В конце концов, они убедили Фарида подождать. В отместку тот озвучил список измерительных приборов, от которых он бы не отказался. Михаил глянул на список, хмыкнул:

- А счетчик Гейгера-то тебе зачем?

- Надо.

- Все равно нет.

- Ну, а вдруг...

- Барометр? – изгибая бровь.

- Надо!

- Рефлектометр тоже надо? – бровь выгибается еще сильнее.

- Да!

- Хорошо, – Михаил невозмутимо складывает список, засовывает себе в карман. – Я поспрашиваю. Но, боюсь, в итоге тебе все равно придется обойтись линейкой. Ну и еще, – упреждая готового возразить Фарида, – циркулем.
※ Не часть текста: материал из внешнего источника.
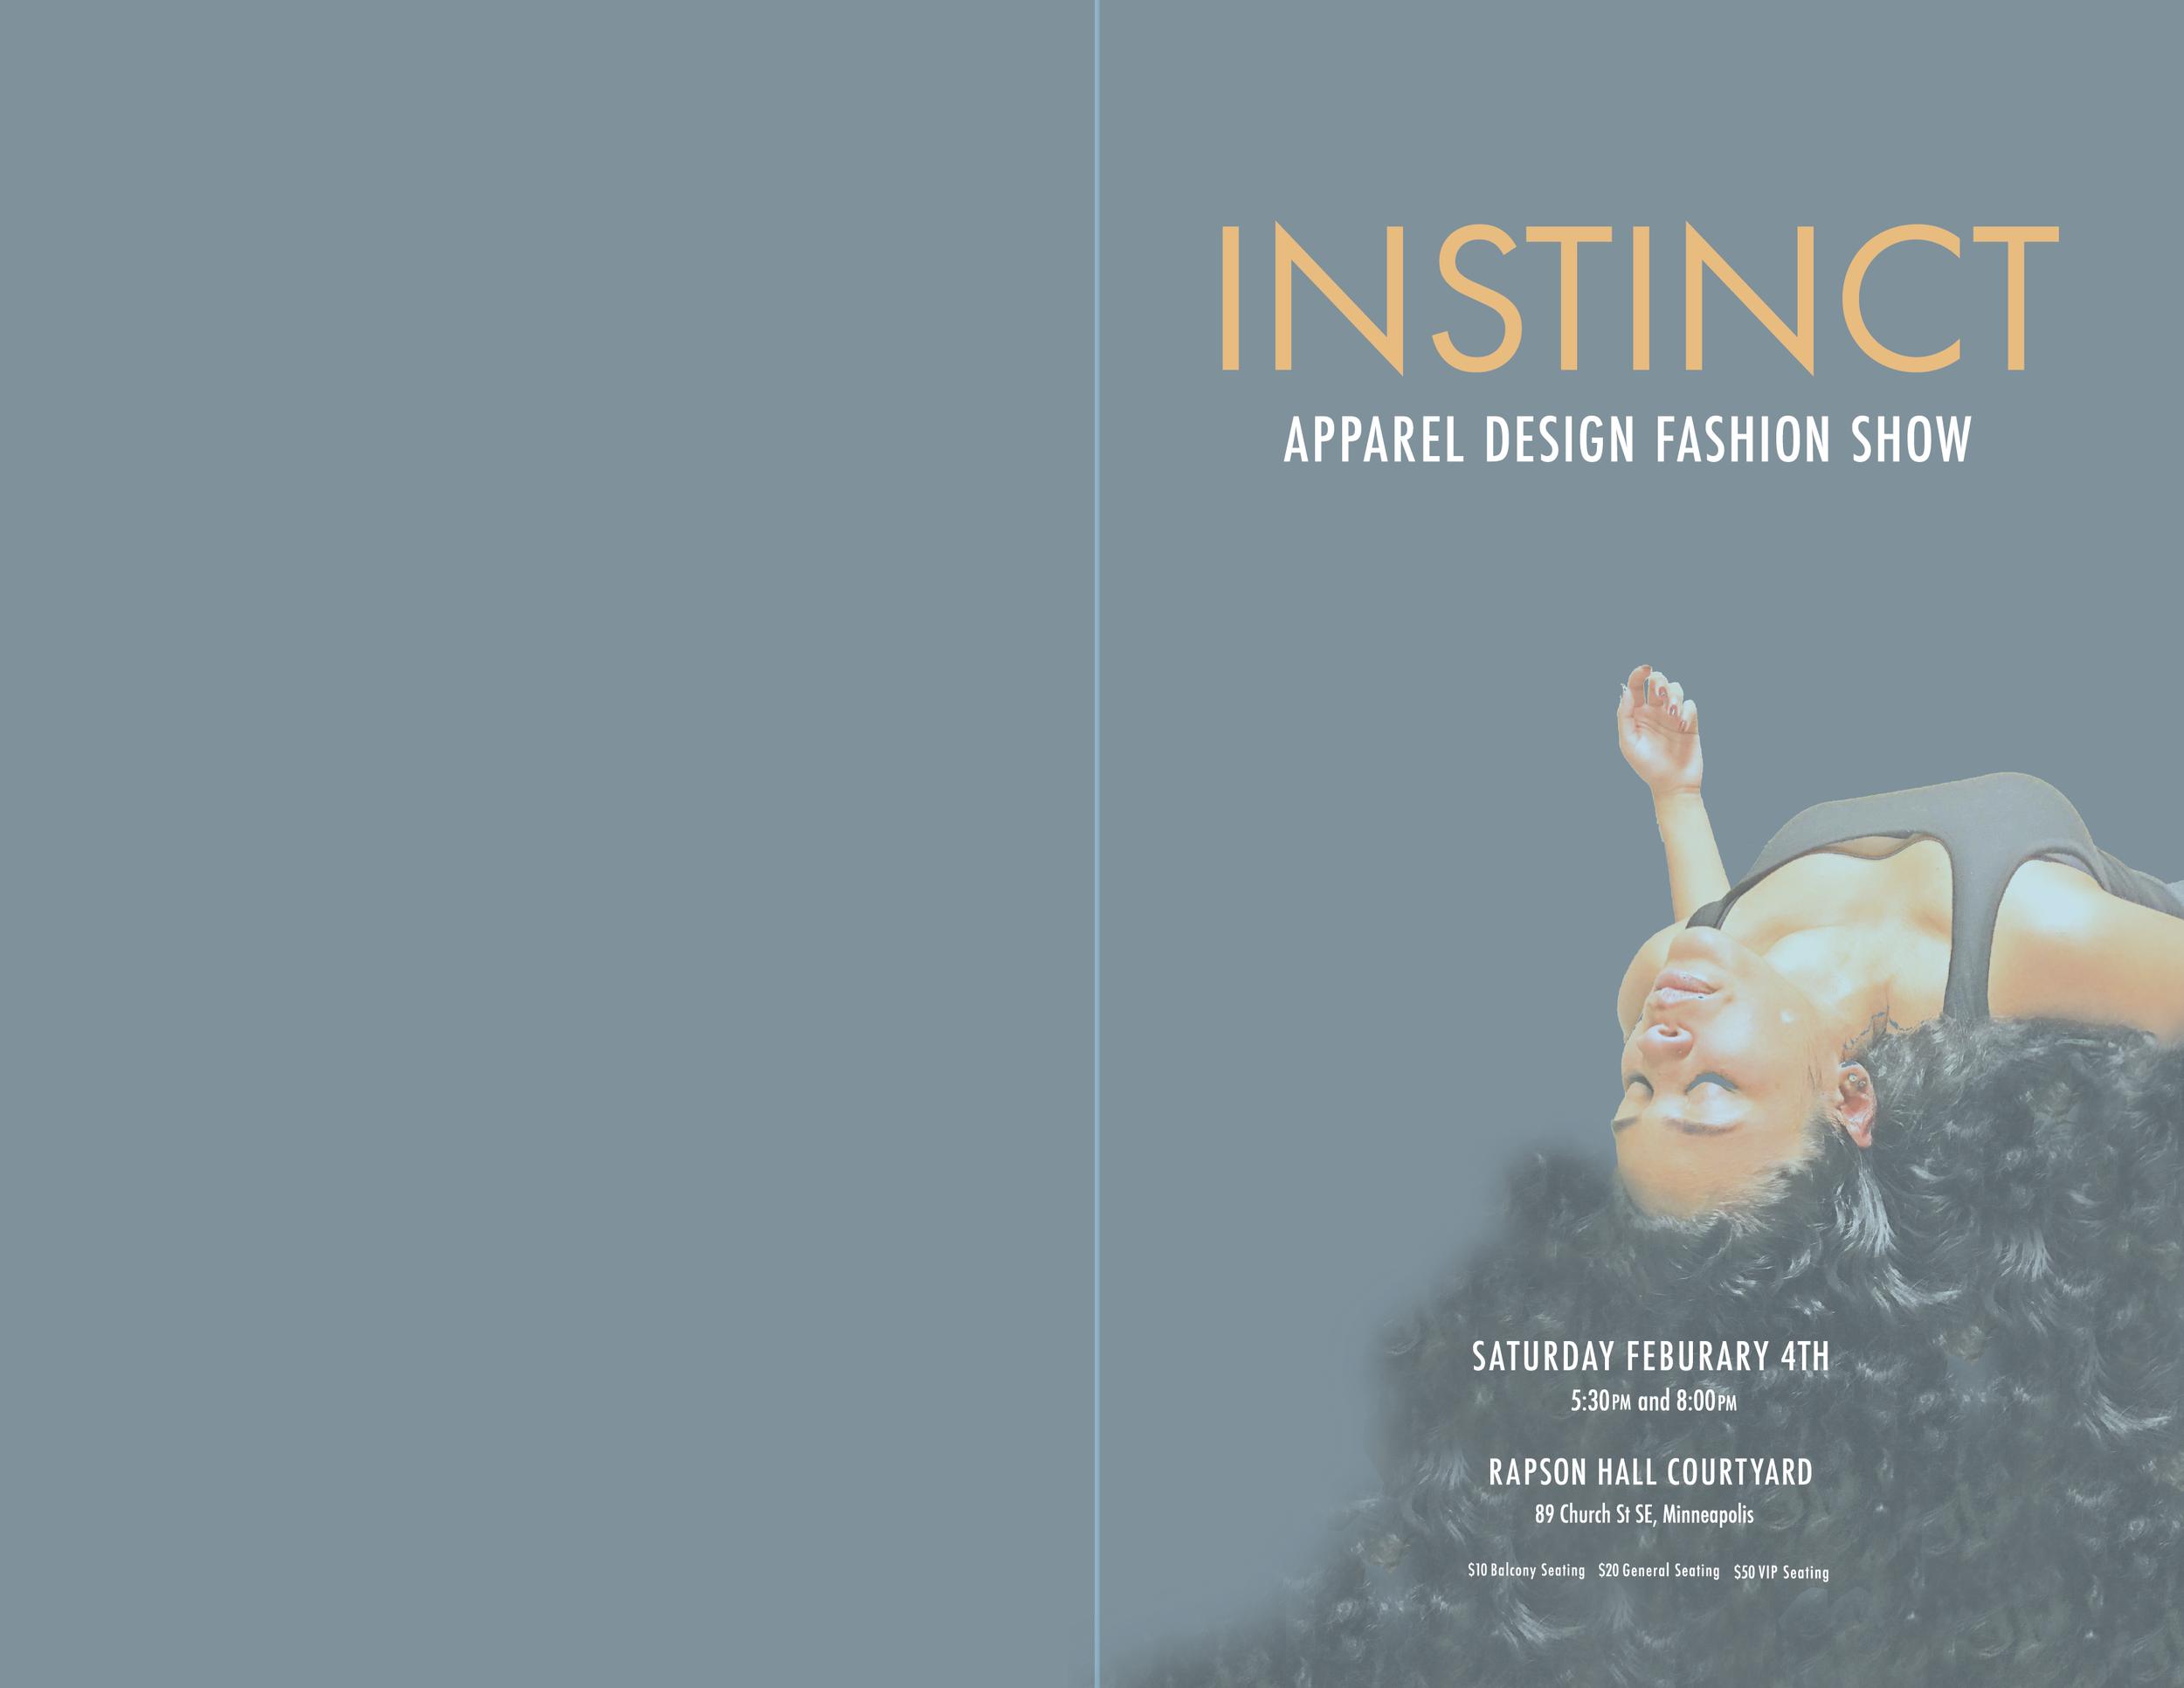 panflet-instinct-02.png

И термометром.

А потом они все-таки сели за список, подвинув Фарида с учебниками к краю стола.

- Миш, давай ты сначала, – Лина держит в руках ручку и лист бумаги, отвоеванный у Фарида. – А я буду записывать.

- Так, – он трет лоб. – Отец. Альфаир первого уровня. В Грузии. Есть у кого-то там родственники?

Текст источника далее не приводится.